I have compiled 5.2p1 which also exhibits the same issue.   strace at the time of the hang reports an EAGAIN error on a read call.  A few printfs isolated the code in question to be the same as mentioned in bug 1254, but the suggested workaround (add a usleep before trying the read again) does not work in any case.

This issue is also reported at http://www.plug.org/pipermail/plug/2009-April/033800.html



+++ This bug was initially created as a clone of Bug #1254 +++

In function after_select(), case AUTH_CONNECTION, the do-loop which
handles socket reads will peg my CPU at close to 100% when errno is
EAGAIN.

I'm running FreeBSD 6.2 pre-release, with OpenSSH built from the ports
collection (security/openssh-portable).

The problem only occurs for me while running an automation script that
sends commands through ssh to about a hundred servers at at time, and I
have not been successful in identifying which server causes the
problem.  But the bottom line is that the read fails with errno EAGAIN,
and continues to fail in a very tight loop until a timeout occurs at
some point.

My work-around was to introduce a tiny sleep before the continue
statement in that loop, which is apparently enough to allow some data
to become available for reading, and makes the problem go away.

I will attach my work-around as a patch, realizing that usleep() is
probably not available on all platforms.
Comment 1 Damien Miller 2009-08-19 06:37:05 AEST
Created attachment 1670 [details]
fall back to select() on read/write interruptions

Could you try to reproduce the problem with this patch applied?
Comment 2 Damien Miller 2009-08-19 06:46:27 AEST
... and here is a theory on how it occurs:

on a heavily loaded ssh-agent, we can create a new socket in the ssh-agent.c:after_select() loop, via the AUTH_SOCKET case calling new_socket().
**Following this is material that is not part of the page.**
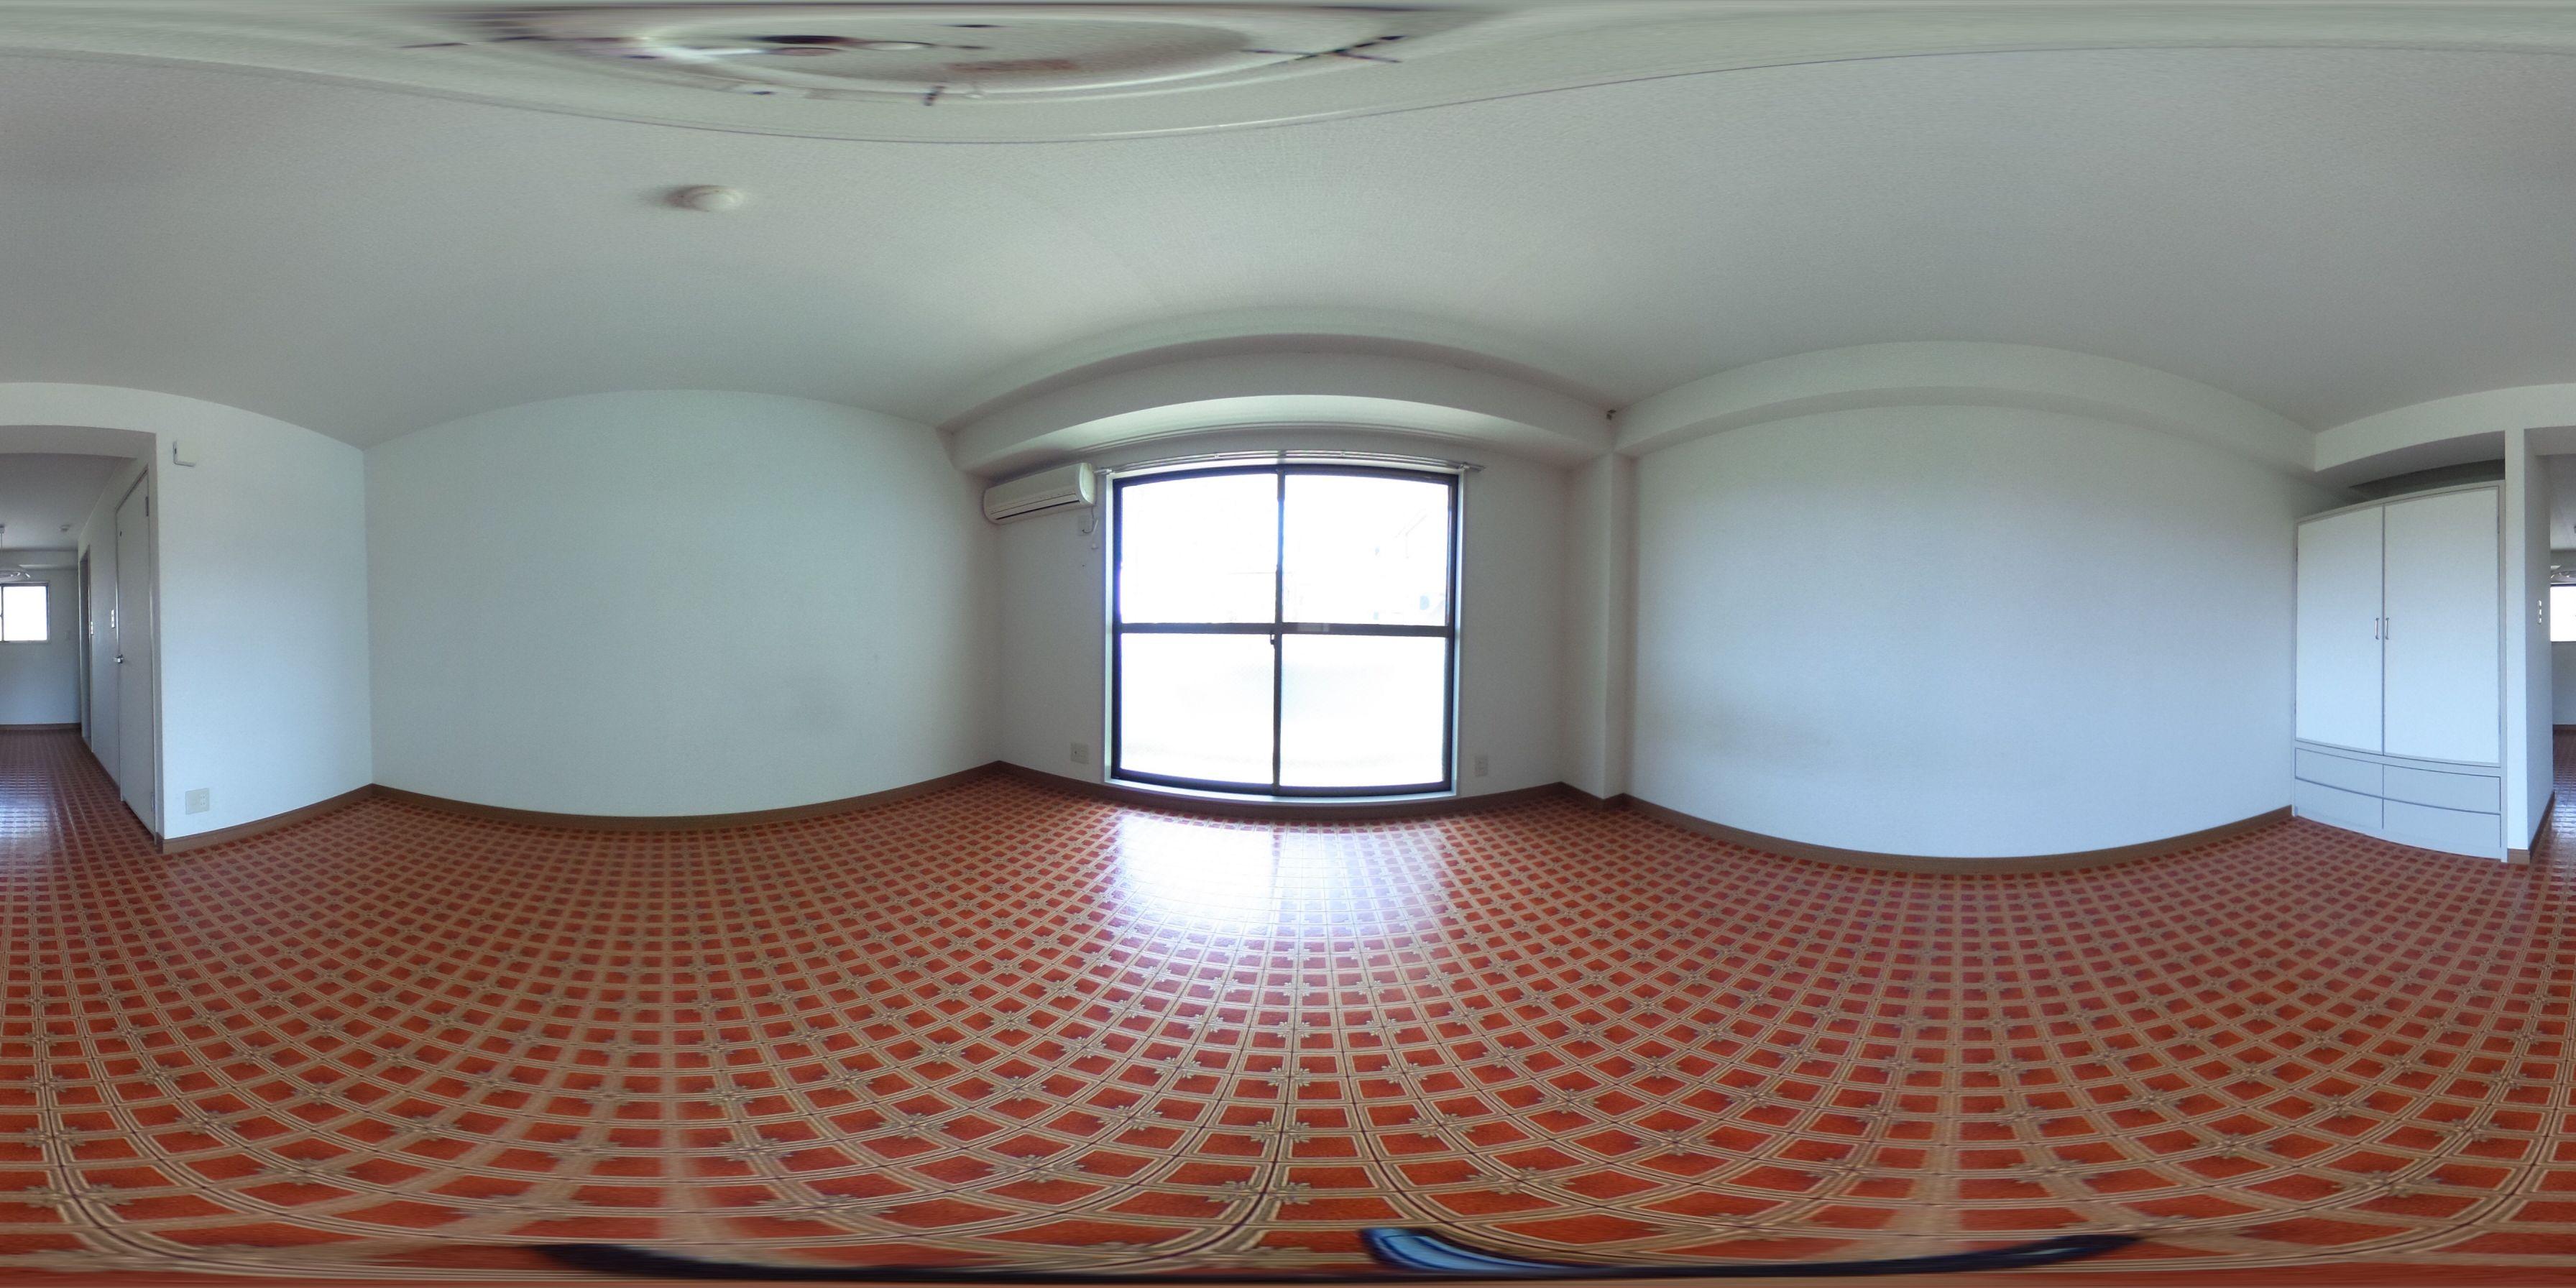 土佐市高岡町甲 賃貸マンション 1Kパノラマ画像

This might increase sockets_alloc past the value it had when execution enters after_select().

The for() loop in after_select() can therefore progress into sockets that did not exist when select() and, critically, prepare_select() was called. prepare_select() sizes and clears the fd_sets that select() subsequently populates and after_select() tests.
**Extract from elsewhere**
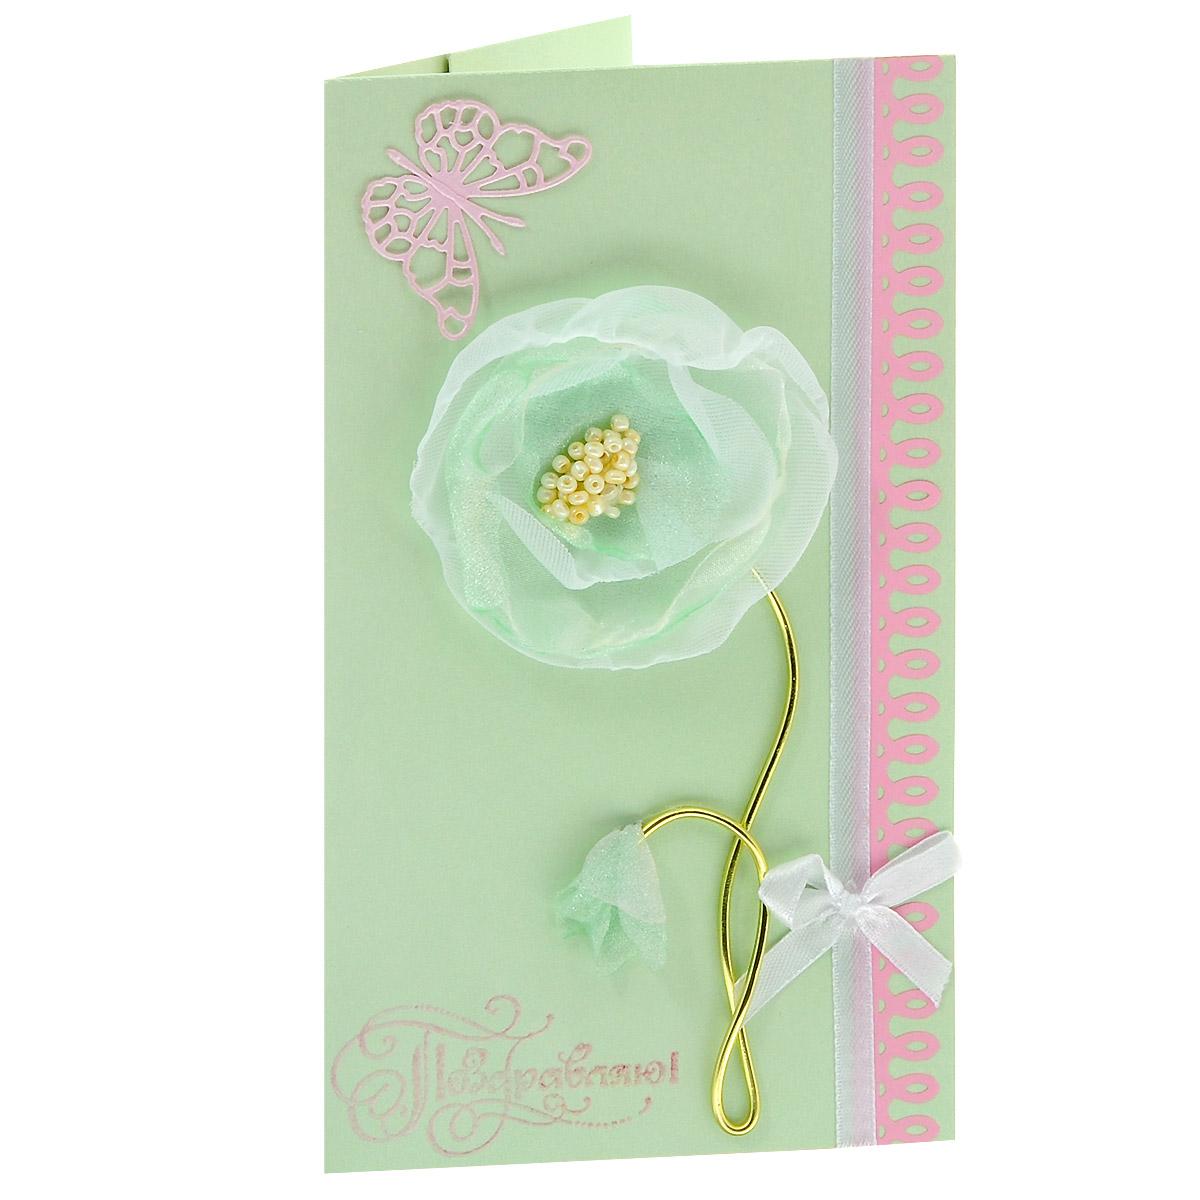 ОЖ-0012 Открытка-конверт «Поздравляю!» (мятная, текстильный цветок). Студия «Тётя Роза»514-977Характеристики: Размер 19 см x 11 см.Материал: Высоко-художественный картон, бумага, декор. Данная открытка может стать как прекрасным дополнением к вашему подарку, так и самостоятельным подарком. Так как открытка является и конвертом, в который вы можете вложить ваш денежный подарок или просто написать ваши пожелания на вкладыше. Сочетание розового и мятного цветов в дизайне открытки наделяют это поздравление особым нежным трепетом и свежим восприятием. Стилизованный цветочек из тонкой шифоновой ткани выполнен и собран вручную. Крылья бабочки трепещут от движения воздуха и отбрасывают тень на фон. Также открытка упакована в пакетик для сохранности.Обращаем Ваше внимание на то, что открытка может незначительно отличаться от представленной на фото.Открытки ручной работы от студии Тётя Роза отличаются своим неповторимым и ярким стилем. Каждая уникальна и выполнена вручную мастерами студии. (Открытка для мужчин, открытка для женщины, открытка на день рождения, открытка с днем свадьбы, открытка винтаж, открытка с юбилеем, открытка на все случаи, скрапбукинг)

So a new AUTH_CONNECTION socket whose creation increments sockets_alloc can cause after_select to test past the end of the allocated fd_sets and might (depending on what it finds) treat them as ready for reading.
Comment 3 Damien Miller 2009-08-19 06:50:43 AEST
Created attachment 1671 [details]
fix the root cause of the problem too
Comment 4 noodle10000 2009-08-19 07:14:46 AEST
Patch applied to the ssh-agent.c in openssh-5.2p1 (RCS revision 1.159).  I have now successfully run our scripts against 6000 hosts for the first time, so it appears to have solved the issue.  

I will be soak-testing over the next 48 hours and will update after that. 

(and thanks for the very quick response!)
Comment 5 Damien Miller 2009-08-27 03:30:12 AEST
Have you been able to reproduce the problem with patch #1671 applied?
Comment 6 noodle10000 2009-08-27 19:38:03 AEST
(In reply to comment #5)
> Have you been able to reproduce the problem with patch #1671 applied?

We've not had any further problems with ssh-agent since applying #1671 - looks like it's fixed.  Thanks!
Comment 7 Damien Miller 2009-09-02 00:43:47 AEST
patch applied. This will be in openssh-5.4.
Comment 8 Damien Miller 2009-10-06 15:02:33 AEDT
Mass move of RESOLVED bugs to CLOSED now that 5.3 is out.
Comment 9 Damien Miller 2009-11-20 10:41:44 AEDT
*** Bug 1135 has been marked as a duplicate of this bug. ***
Comment 10 Darren Tucker 2010-03-26 10:51:18 AEDT
With the release of 5.4p1, this bug is now considered closed.